In other words, the use of whole organisms in either the living or inactivated form may cause adverse reactions. These reactions are due to certain components of the whole organism, that is, proteins, lipids or carbohydrates that may not be necessary for immunization.

Synthetic Vaccines

Biosynthetic Process. The objective of vaccine development over the years has been to identify the important antigens responsible for protection and to produce them in the purest form. But only recently has recombinant DNA technology, (rDNA, genetic engineering) become available to help produce defined antigens or antigenic determinants, on a large scale and in a cost-effective manner. The isolation of these antigenic determinants on the surface of infectious agents represents the first step in trying to produce a more specific antigen. Since these determinants occur in repeating subunits and their production is controlled by specific genes in the nucleus of the organism, these genes may be used to produce antigenic determinants.
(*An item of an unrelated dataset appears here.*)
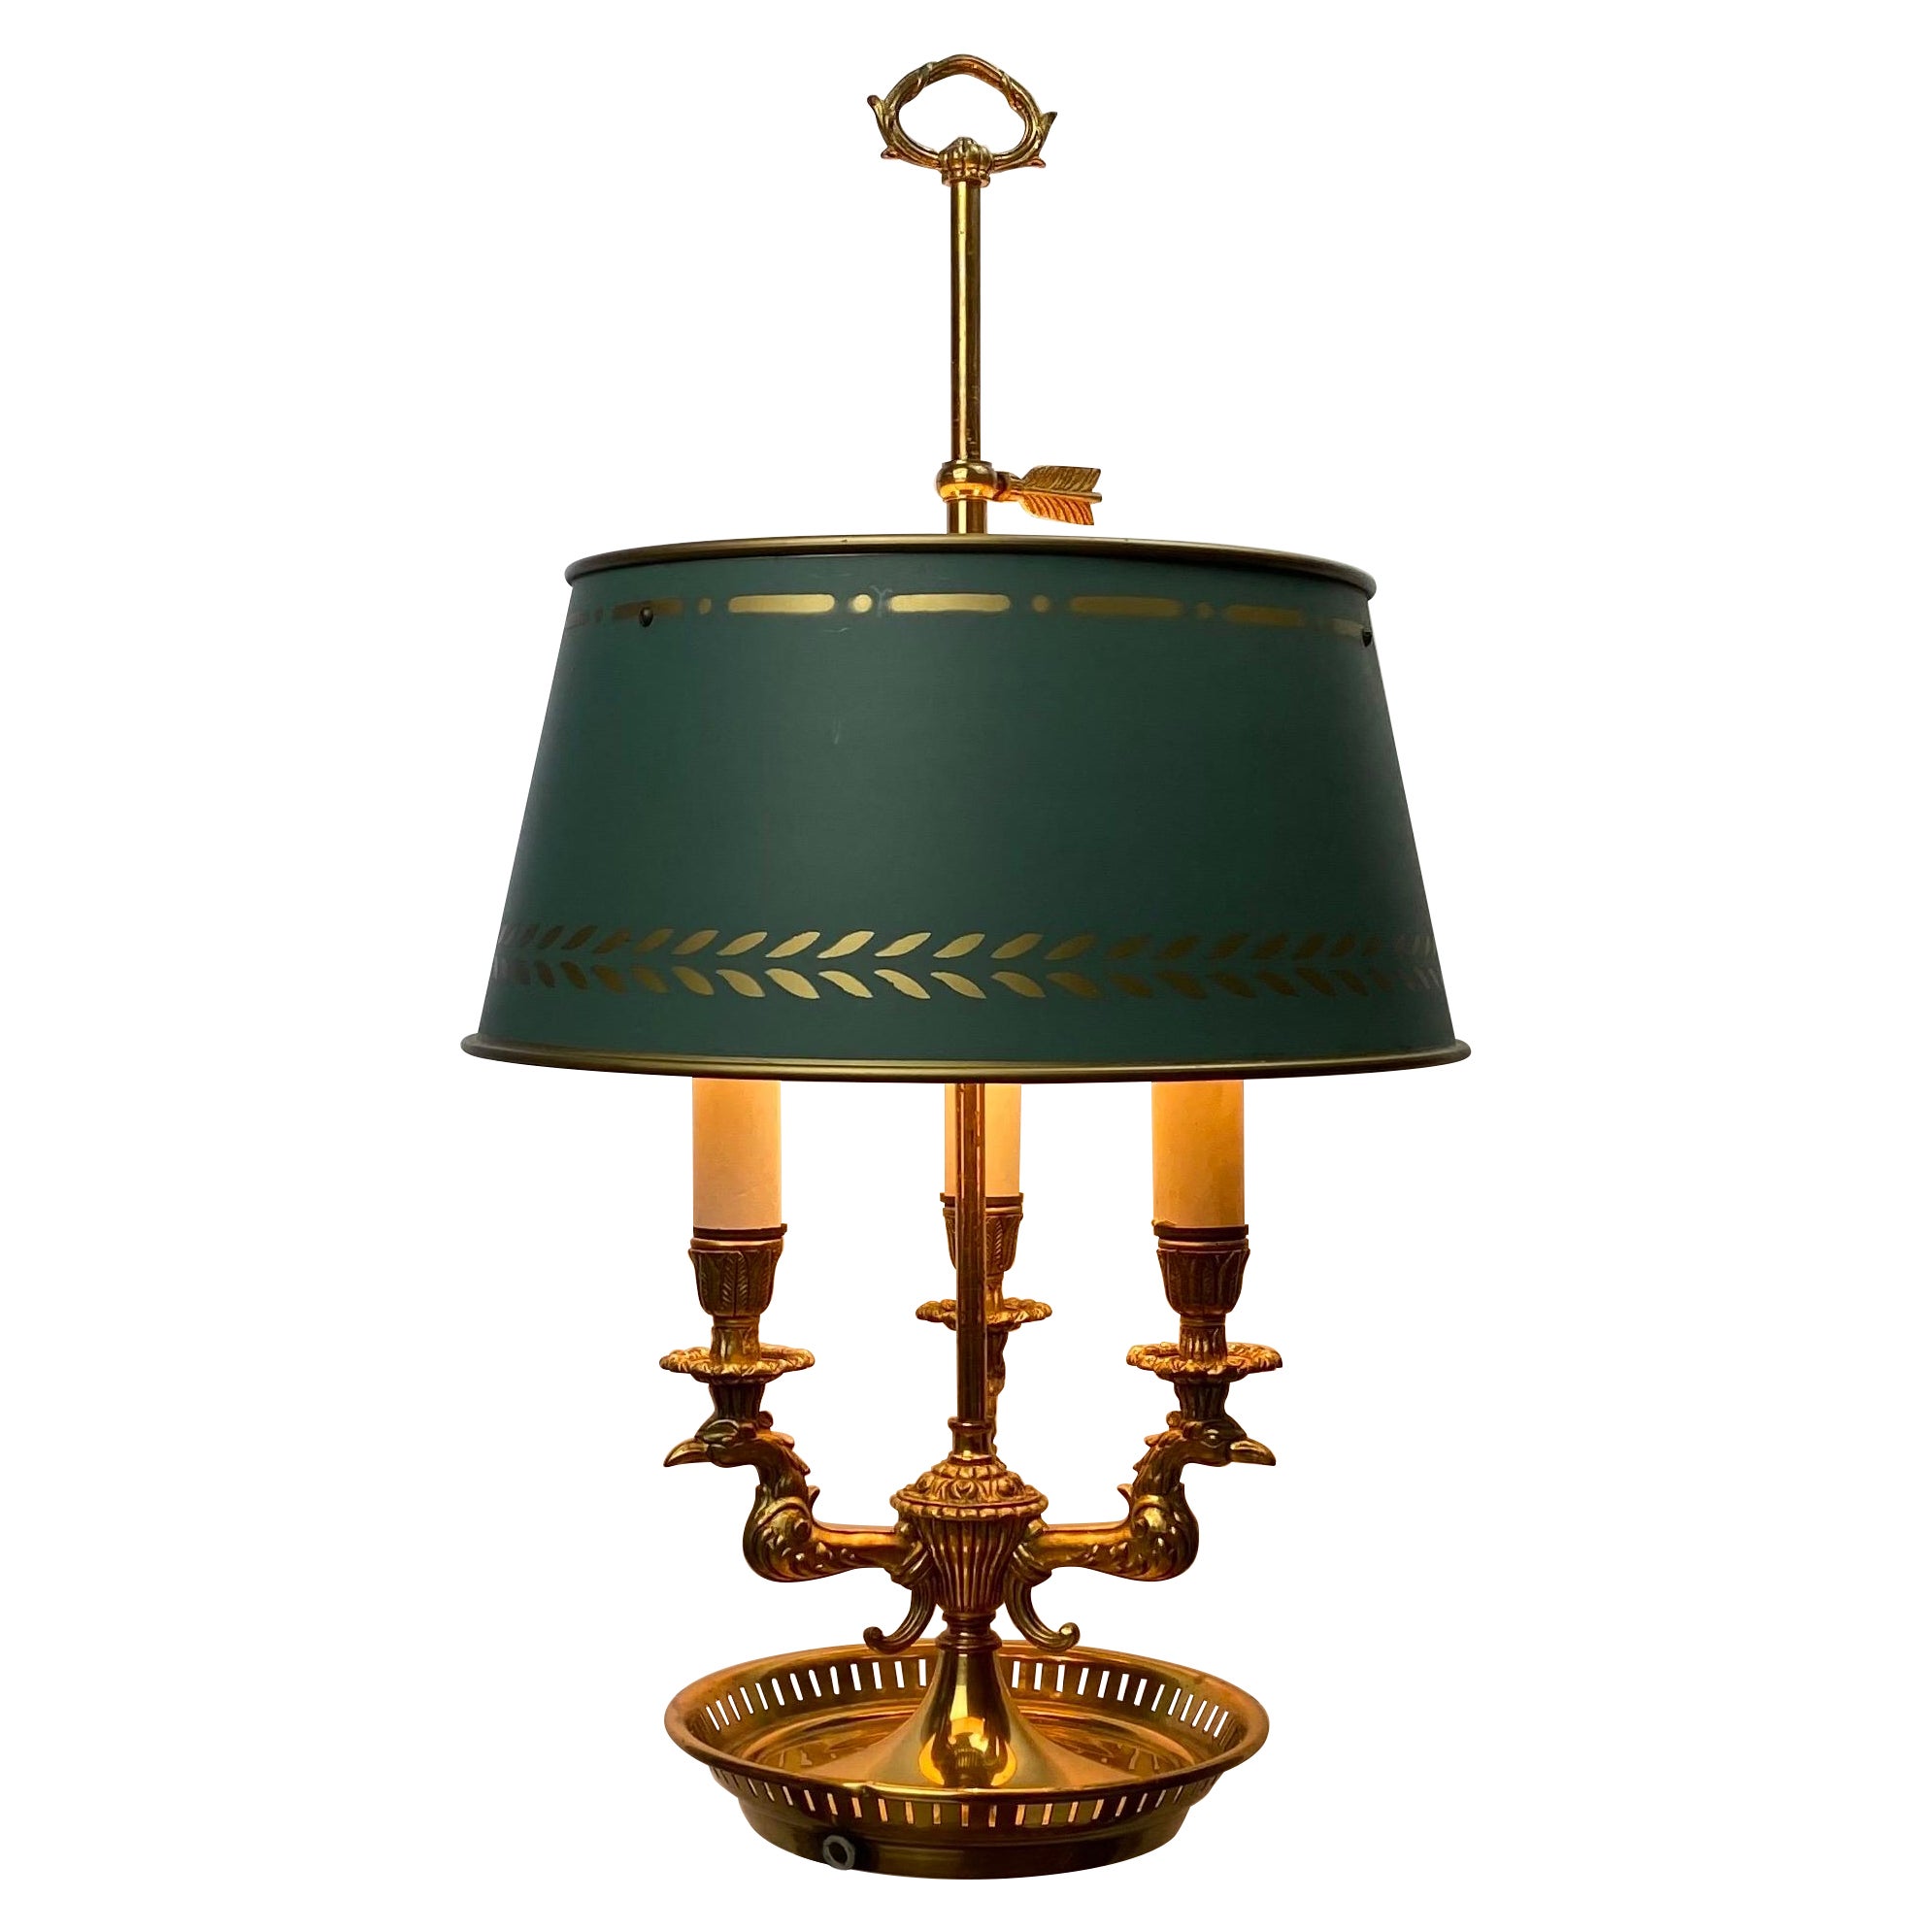 Lampe bouillotte Empire française en bronze doré avec 3 bras d'aigle

By isolating the specific gene (DNA) that encodes for the surface antigenic determinant, and by using a plasmid (a piece of DNA that occurs naturally in bacteria and yeast) to insert this gene as a bacteria, yeast, or mammalian cell, the gene recombines with the cell's own genes to produce the antigenic determinant along with other cellular products. The antigenic determinant may be isolated and used as an immunogen. This immunogen will be recognized by the immune system as being foreign and will stimulate the production of antibodies or a cellular response that will protect the animal or prepare the animal's immune system for future infection with the infectious agent.

Antigenic determinants can be produced by growing the cells on a large scale and collecting and purifying the antigen as it is expressed. The antigen may have improved characteristics compared to the antigen derived from the whole organism. These characteristics are purity, safety, and stability. Also, the risk of having the vaccine contaminated with infectious material used in production of the whole organism is reduced. All of these characteristics help in developing improved vaccines.

Chemical Synthesis. Another method of producing antigenic determinants is chemical synthesis. Most antigenic determinants are proteins composed of chains of amino acids. Individual amino acids may be linked together in a linear form to mimic antigenic determinants. So, if the amino acid sequence of the native antigenic determinant is known, it can be made synthetically.

One way to determine the amino acid sequence of an antigenic site is to isolate the gene that encodes for it. The gene is composed of DNA that contains the genetic code in its nucleotide sequence. This nucleotide sequence can be determined, and it will translate into an amino acid sequence (the bases, adenine, thymine, guanine and cytosine code in triplet combination for each amino acid). Thus, an amino acid sequence for a surface protein may be derived from the nucleotide sequence of its gene. Only a small part of this surface protein may be required to produce an immunogen.

The peptide can be made by sequentially adding amino acids. Forty or 50 amino acids may be joined together in a linear sequence forming a peptide by using an amino acid synthesizer controlled by a computer program. The peptide is removed from the resin and may be coupled to a carrier protein or polymerized to increase its size. These forms of the antigenic determinant have been found to be active in inducing humoral and cellular immune responses.